The rapid and noteworthy stimulation of secretion with 8Br-cAMP from
cultured cells contrasts with the slow weak action of the cyclic
nucleotide on fresh neurointermediate lobes, probably indicating that
basal secretion from the isolated cells is submaximum.
In experiments with isoguvacine, 8Br-cAMP treatment also increased the
frequency of Ca2+ oscillations (an example is shown in Fig. 3d
), the average Ca2+ signal (Fig. 3e
), and the rate of
secretion (Fig. 3f
). Under conditions of 8Br-cAMP stimulation,
isoguvacine induced a Ca2+ transient in all cells
simultaneously (e.g. Fig. 3d
), a phenomenon that was
reflected in the average Ca2+ signal as a very dominant
peak shortly after adding isoguvacine (Fig. 3e
). Subsequently,
Ca2+ oscillations were suppressed during the entire period
of isoguvacine treatment (e.g. Fig. 3d
), which was reflected
in a decreased average [Ca2+]i signal (Fig. 3e
). There was an increase in secretion at the start of isoguvacine
treatment, followed by a strong and sustained decrease for the
remainder of the treatment period (Fig. 3f
). After isoguvacine
treatment, the level of secretion increased, but did not fully return
to the 8Br-cAMP-stimulated level.
Effects of GABA receptor agonists and 8Br-cAMP on secretion from
cultured melanotropes
The experiments involving [Ca2+]i
measurements cannot be extended for long periods due to the loss of
fluorescence signal as a result of photobleaching.

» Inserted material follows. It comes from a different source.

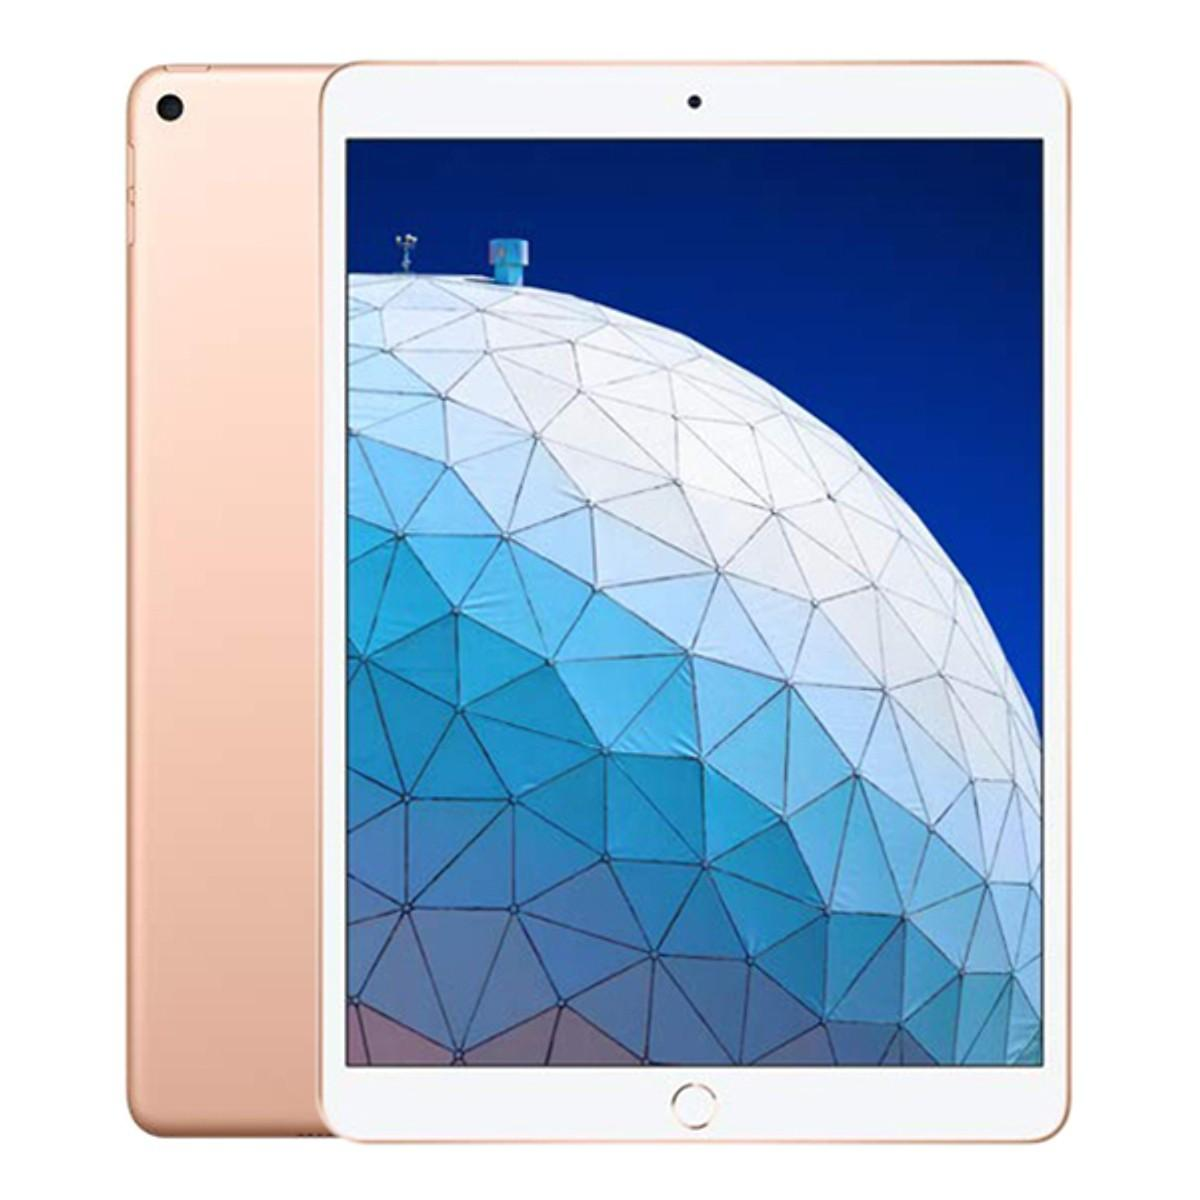 Máy tính bảng Ipad Air 10.5 WiFi 64GB New 2019 - (Màu gold)

To confirm that
baclofen induces a weaker inhibition than isoguvacine of melanotrope
cell secretory activity under 8Br-cAMP, a long duration secretory study
was carried out in which pulses of GABA receptor agonist were given
before, during, and after application of 8Br-cAMP so that the
experiments had internal control pulses (Fig. 4
). The
pulses with baclofen resulted in 65 ± 5%, 12 ± 6%, and
52 ± 7% inhibitions, respectively. The inhibition induced by
baclofen in combination with 8Br-cAMP (second pulse) was significantly
attenuated compared to the control pulses with baclofen alone. The
inhibitions induced by the three pulses of isoguvacine were 46 ±
5%, 47 ± 6% and 40 ± 7%, respectively. The inhibition
induced by isoguvacine in combination with 8Br-cAMP (second pulse) was
not significantly different from the control pulses. The transitory
stimulation of secretion at the beginning of isoguvacine treatment was
again evident (Fig. 4b
).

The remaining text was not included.